Land, Ho!
MEGAYACHT GALLIES
“You can never cross the ocean until you have the courage to lose sight of the shore.”
Although the above aphorism means that risk taking is necessary to discover new worlds and achieve success in all aspects of life, it is also a perfect fit for weirdos like us actually crossing ocean. Are we weirdos? No, but it is obvious that we have the courage to cross the ocean. Moreover, the aphorism tells the same. Otherwise, I would have written this at a company in an office at Istanbul’s Central Business District working at God knows which job in spite of the Caribbean palm tree that I am under right now.
Yes, I am in the Caribbeans. We took off from Europe and arrived at St. Kitts and Nevis in the Caribbeans. I will write about this island next month. Let’s talk about Atlantic first. Also known as the Atlantic Ocean. A vast expanse of blue. I do not know whether you had studied any maps other than the ones you were taught in the elementary school or not, but I recommend that you should compare the Black Sea to the size of the ocean. This is the meaning of the word, vast!
This was my third Atlantic crossing. Although the boats and ship follow the same roots, I have not seen any other ships and boats.
After passing the Mediterranean in the middle of winter with winds up to 50 knots (don’t ever ask; it is disgusting to try to sleep or cook with that kind of shaking.
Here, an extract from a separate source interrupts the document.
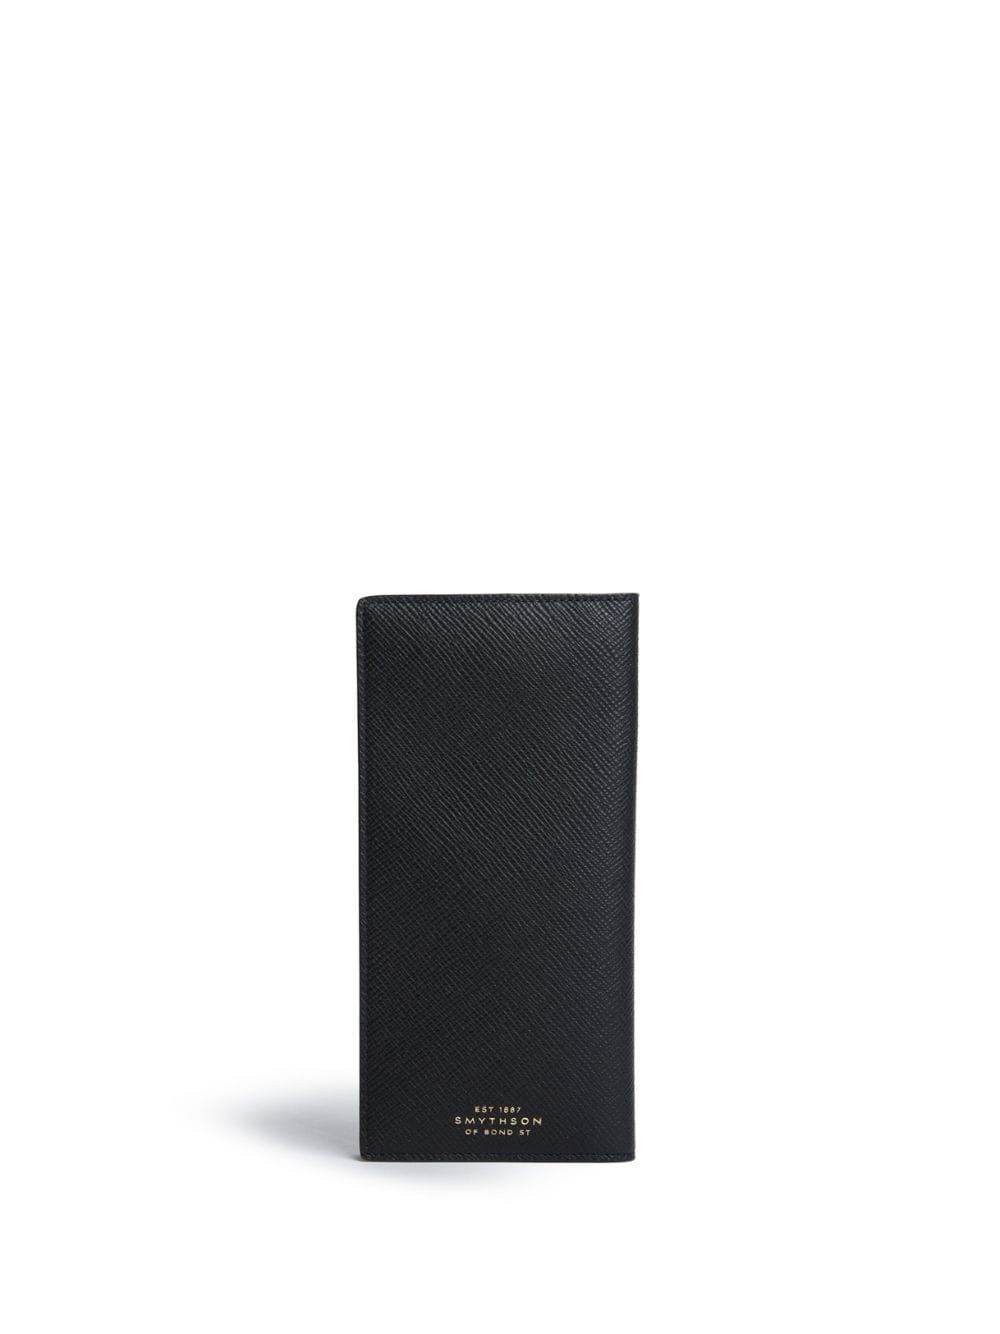 Smythson Panama slim bi-fold leather wallet - Black von Smythson
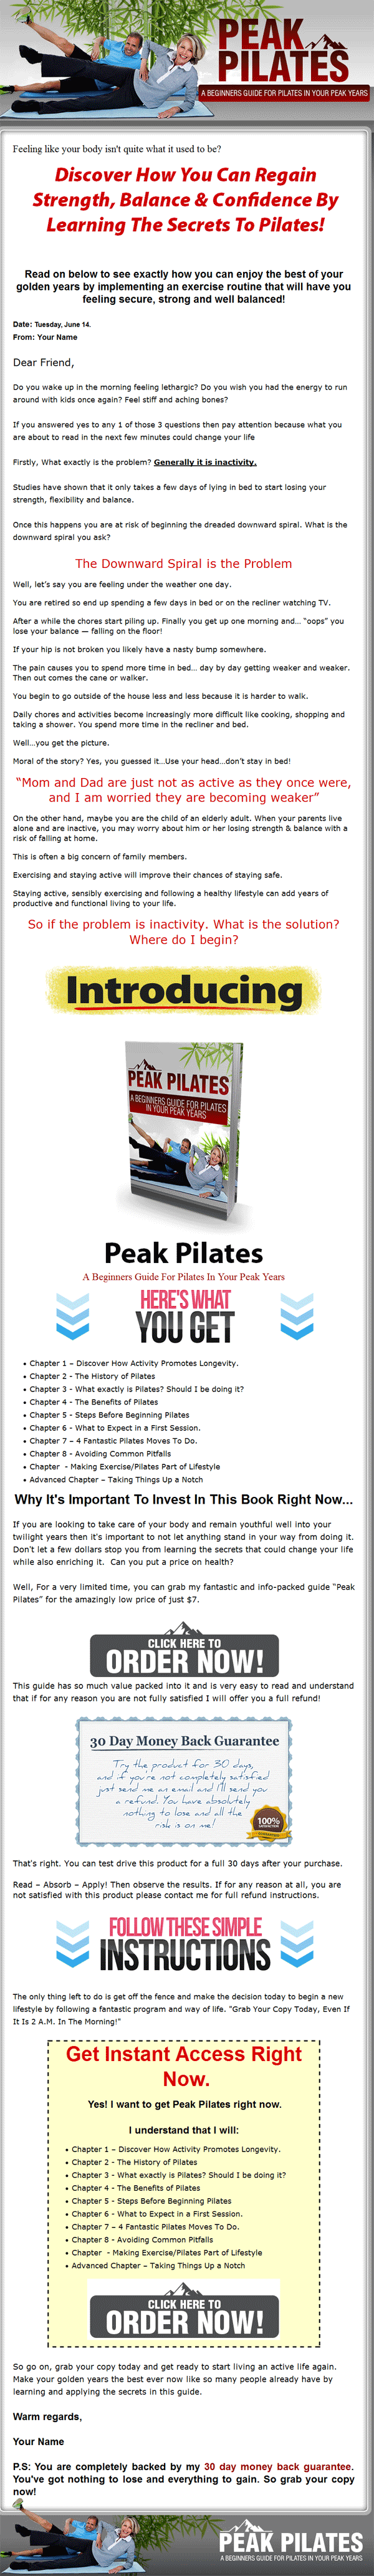 peak pilates ebook

Whatever you handle is stuck to the wall and even walking becomes hard. If our boat was not 60 meters long, I think I will be narrating a search and rescue mission), our first stop is always the Gibraltar. As the region is under English rule, it gives you a feeling of walking in a miniature England. For us chefs, it is our last chance to fill our boat with European, especially British products that we cannot find in the Caribbeans. I am fond of Gibraltar. The region is famous for its small paradise of restaurants called Ocean Village and monkeys continuously jumping on you trying to steal (yes, real monkeys).
Our next stop is the Canary Islands. This year, we again stopped at Tenerife for a few hours to take fuel, then we embarked on our journey. The rest is easy. The real deal is the Atlantic crossing. A continuous 11-12 days that the weather gradually warms, the sea does not get wild, we can take short sun baths on the deck and watch the sunsets on the bow while giant waves shake us. How I don’t know, but we are a little bit faster and after 9 days leaving Tenerife I had the chance to shout out “Land, Ho!!!”. And the most enjoyable part is what we do in every ocean crossing when we arrive exactly to the middle of the ocean – this time alongside with a pirate themed party: just a bit of relaxing and throwing a tightly waxed bottle with a note inside undersigned by the whole crew… Who knows, maybe someone will find the bottle 100 years later and the ones passed from this ocean will be remembered.
In April, I will be on your pages with Caribbean scenes that will warm your heart.